:: Supplied information ::

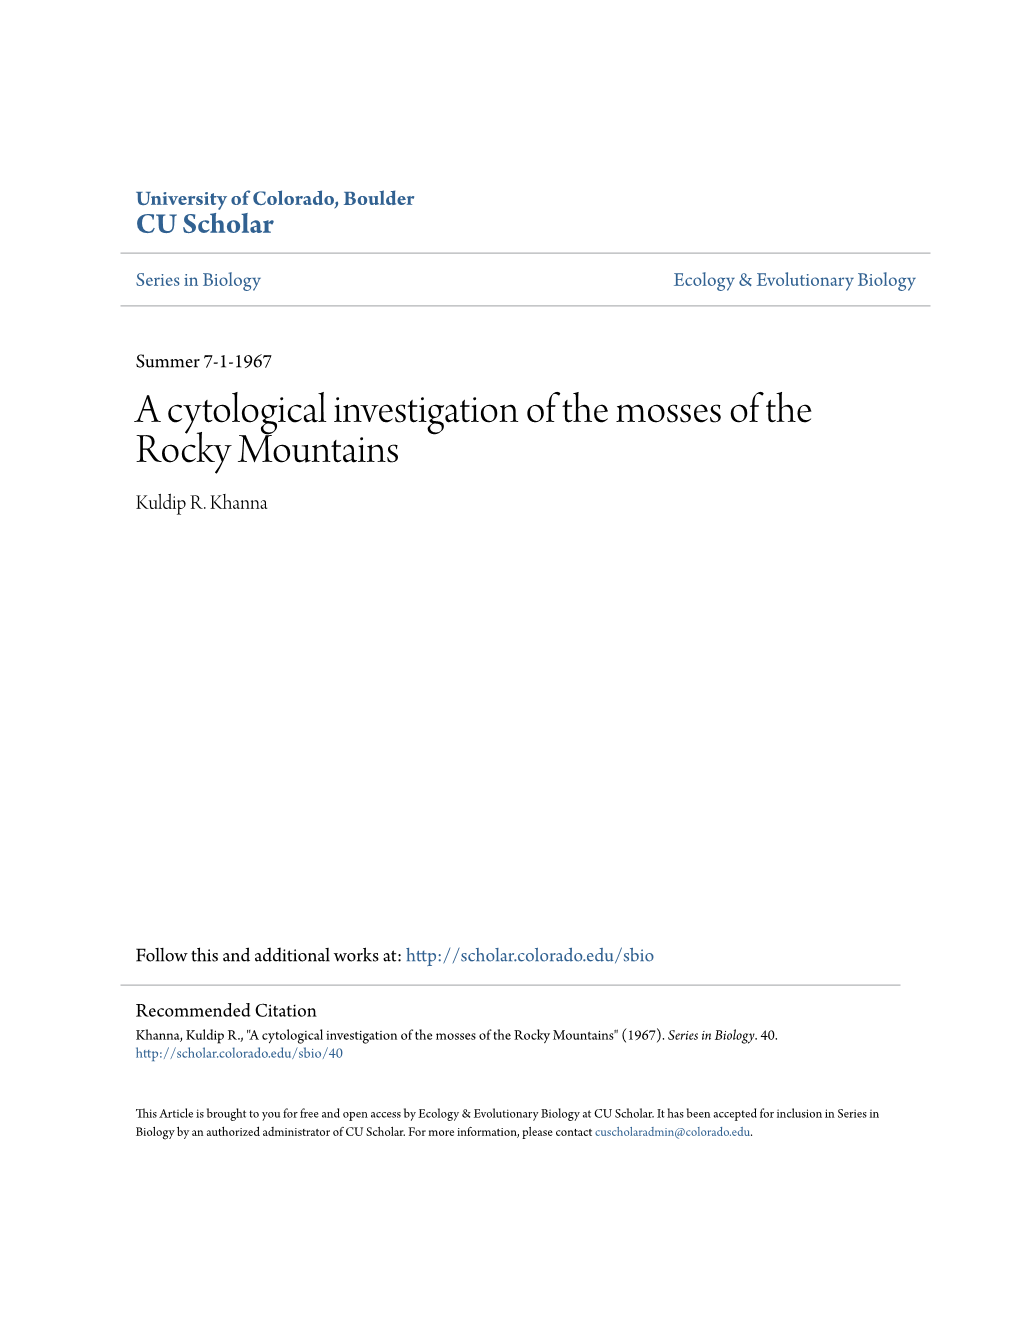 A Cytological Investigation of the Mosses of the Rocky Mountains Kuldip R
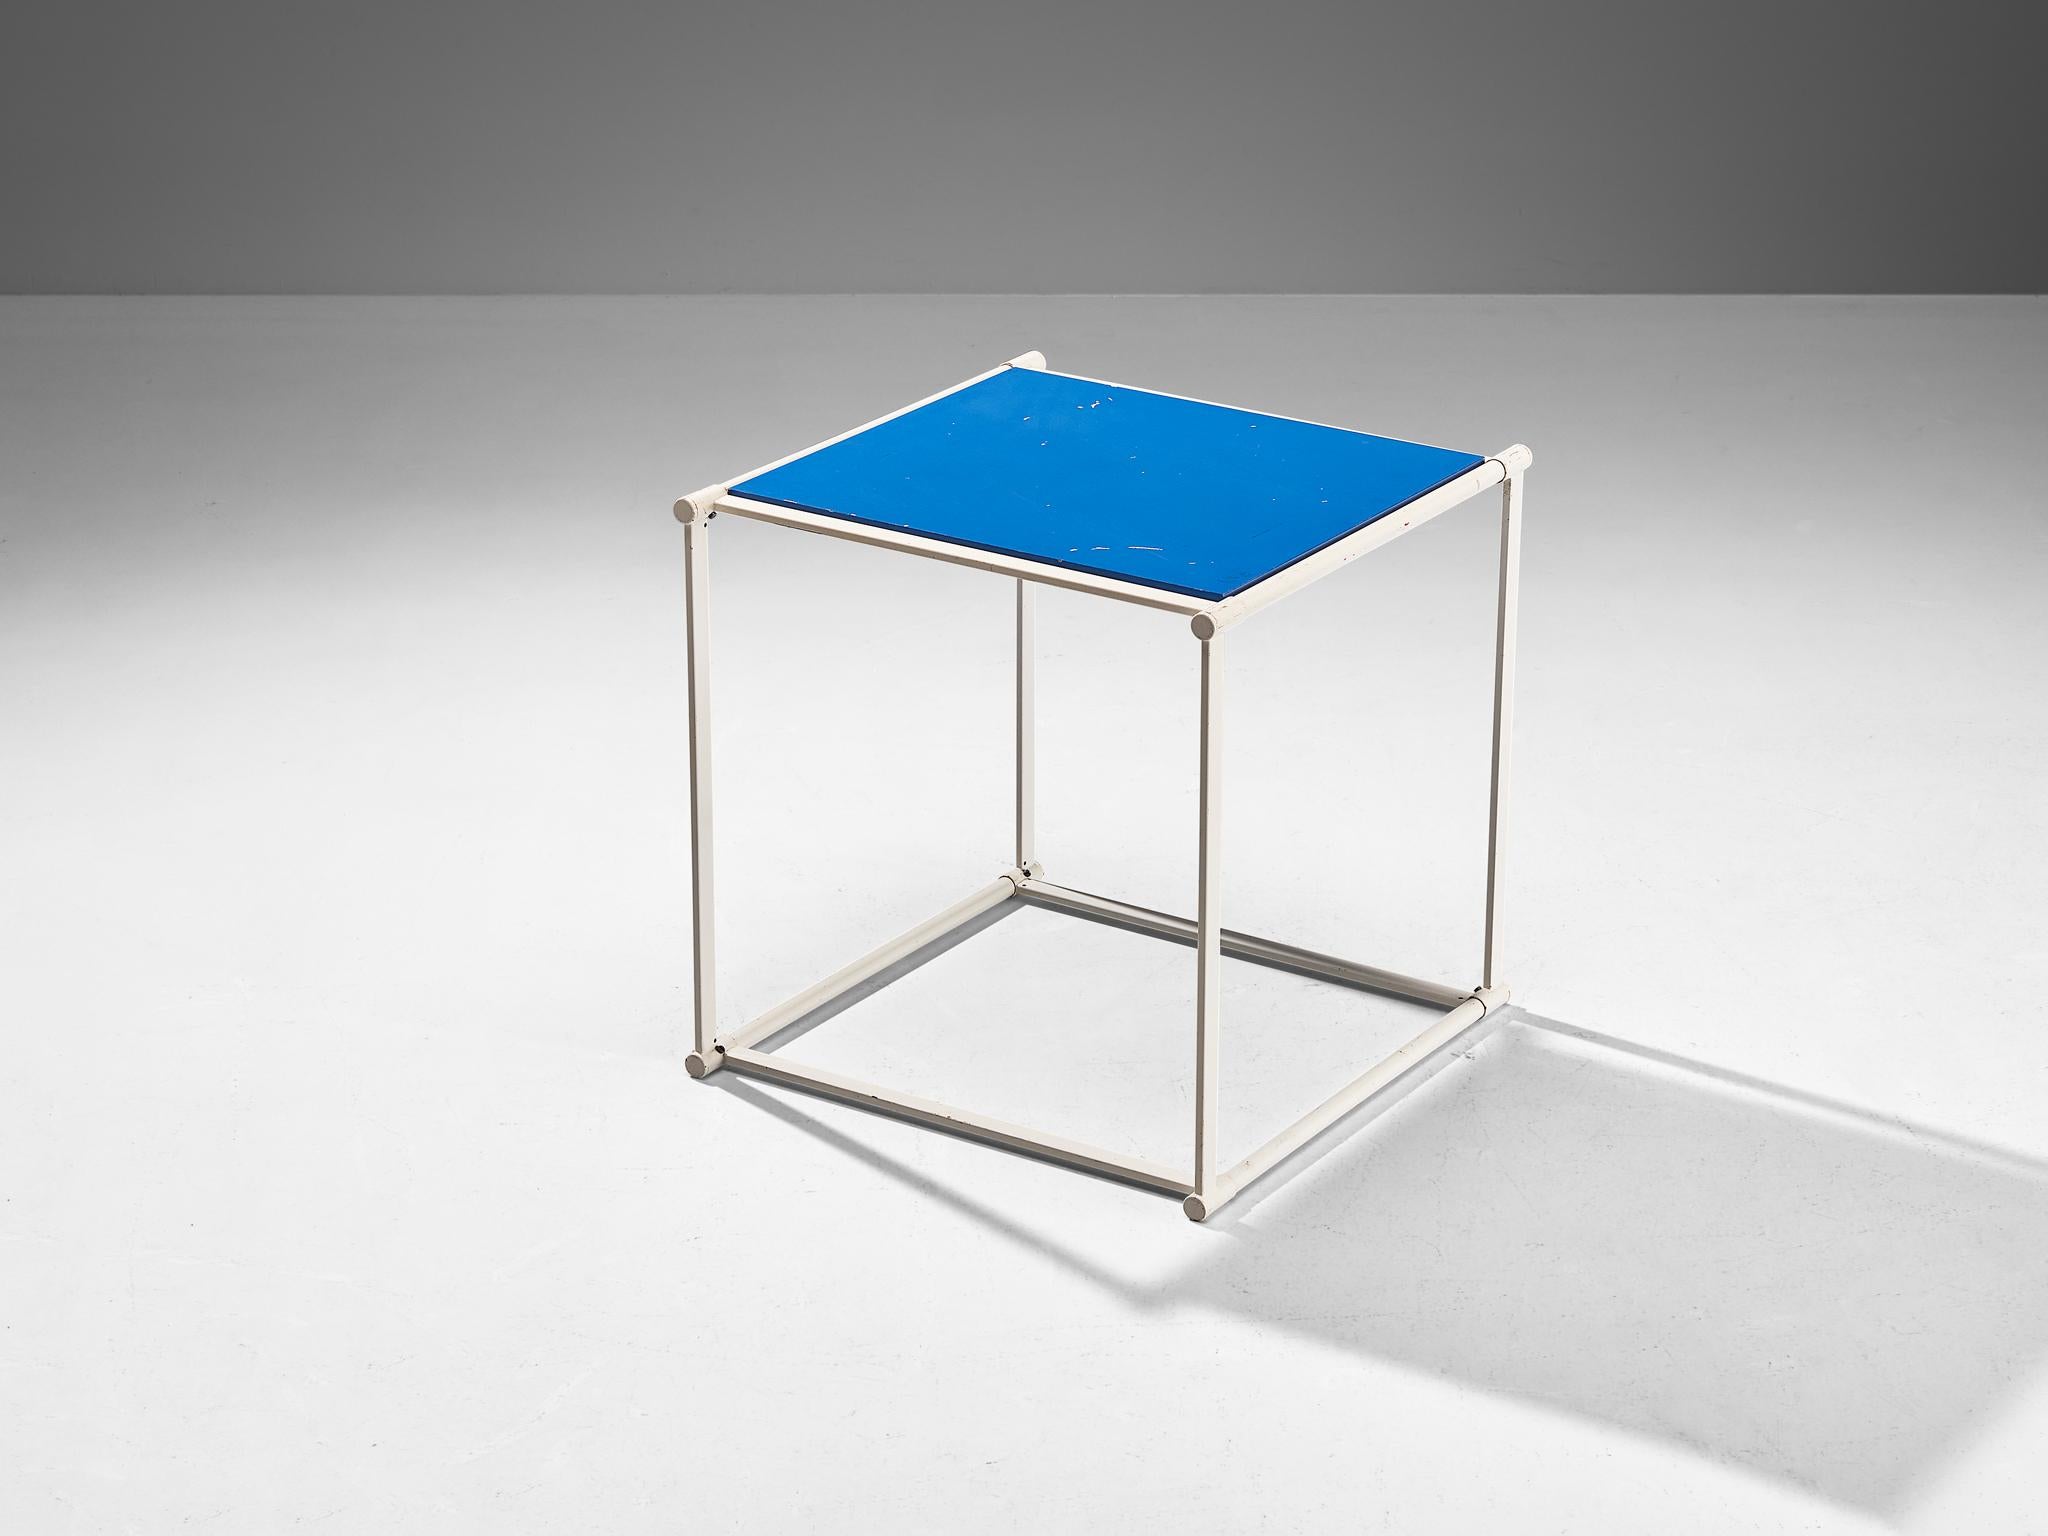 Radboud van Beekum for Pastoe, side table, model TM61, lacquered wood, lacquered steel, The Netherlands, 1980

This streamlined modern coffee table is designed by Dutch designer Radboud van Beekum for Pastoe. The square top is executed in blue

:::

Without any pictures, restate word for word only the lines from the one with "Radboud van Beekum for Pastoe, side" through the end of the listing.

→ **Exercise response**:
 Radboud van Beekum for Pastoe, side table, model TM61, lacquered wood, lacquered steel, The Netherlands, 1980

This streamlined modern coffee table is designed by Dutch designer Radboud van Beekum for Pastoe. The square top is executed in blue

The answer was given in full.